What does it mean that a set $S$ tautologically implies wff $ \tau$ ?
in Enderton introduction to mathematical logic , in page 23 ,
it define that a set $S$ tautologically implies wff $ \tau$ iff every truth assigment for the sentence symbols in $S$ and $ \tau$ that satisfies every member of $S$ also satisfies $ \tau$
i have some questions related to this definition ,
does this definition require that the elements of the wff $ \tau$ are in $S$ ?
or not ??
also , i think that giving an example about this definition is great !

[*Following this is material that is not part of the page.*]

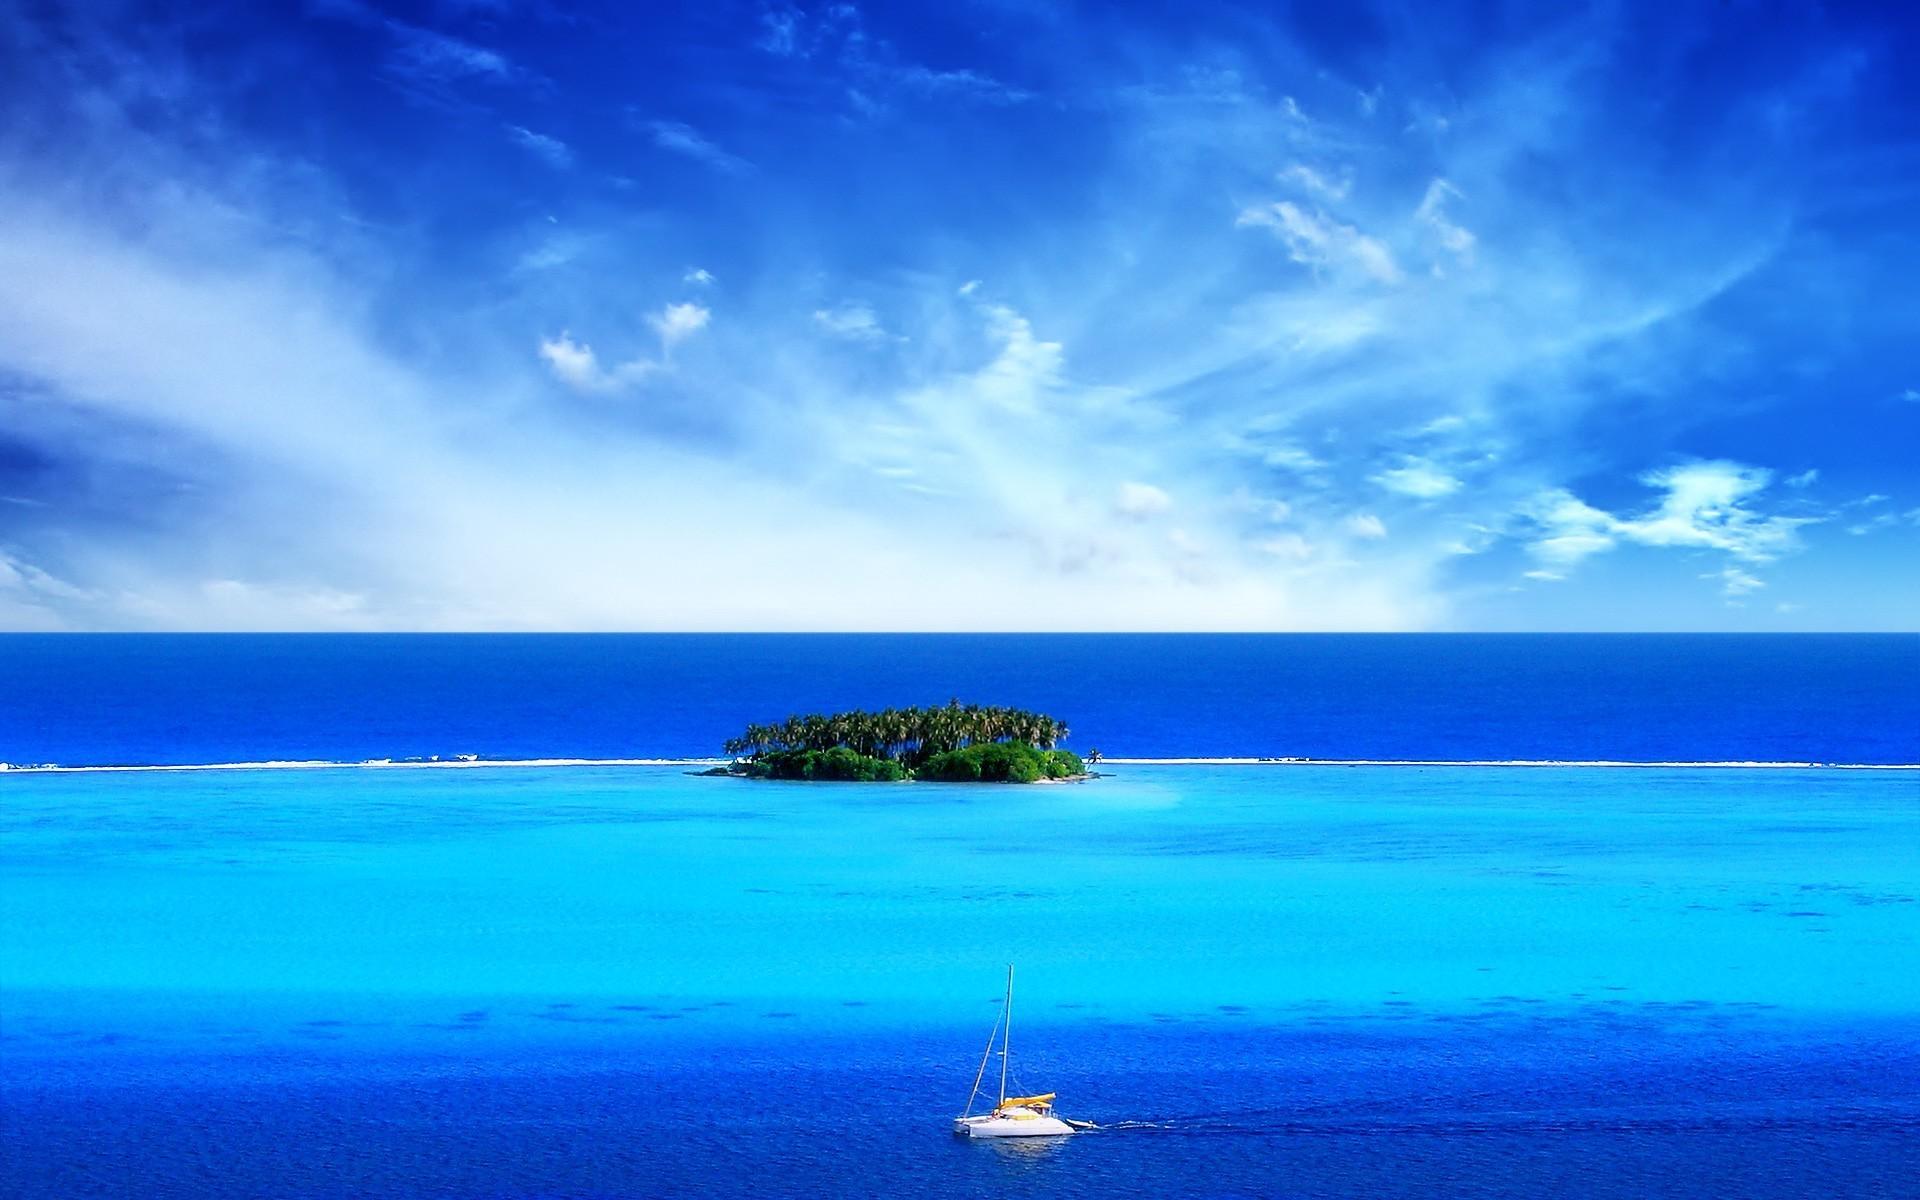 Sailing around the tropical island wallpaper   1034041 1920x1200

if this definition doesn't require that the elements of $ \tau $ are in $S$ ,
does this mean that if we made a set $S$ whose intersection with the wff $ \tau$ if the empty set then S tautologically implies $ \tau$ in general ??
i find that the definition is not so clear for me !
thanx !
Best Answer
First, you need to understand the definition like this. Pool all the propositional letters (sentence symbols) which occur in wffs in the set $S$ together with the (same or different!) propositional letters which occur in $\tau$. So if $S$ contains the wffs $P$ and $(\neg P \lor Q)$, and $\tau$ is $(Q \lor R)$, then the relevant letters that occur somewhere or other are $P, Q, R$. Now consider valuations $V$ of these letters. $S \vdash \tau$ iff for every such $V$, if $V$ makes all the wffs in $S$ true, it makes $\tau$ true.
So, for example, we indeed have
$$\{P, (\neg P \lor Q)\} \vDash (Q \lor R),$$
even though the conclusion contains a propositional letter which isn't in the premisses. (And that's what we want! For the conclusion plainly does logically follow from the premisses!)
Second, suppose though that none of the propositional letters in $S$ are in $\tau$. To take a simple case, suppose $S$ contains the wff $P$, and $\tau$ is $Q$. Then we would not have
$$\{P\} \vDash Q$$
because the valuation $P \Rightarrow T$, $Q \Rightarrow F$ makes the sole premiss true and the supposed conclusion false, showing this isn't a tautological entailment.
In fact we'll have the following result. If $S$ and $\tau$ lack propositional letters in common,
$$S \vDash \tau$$
holds just when $\tau$ is already a tautology, or when the wffs $S$ are contradictory (cannot all be true together), but not otherwise.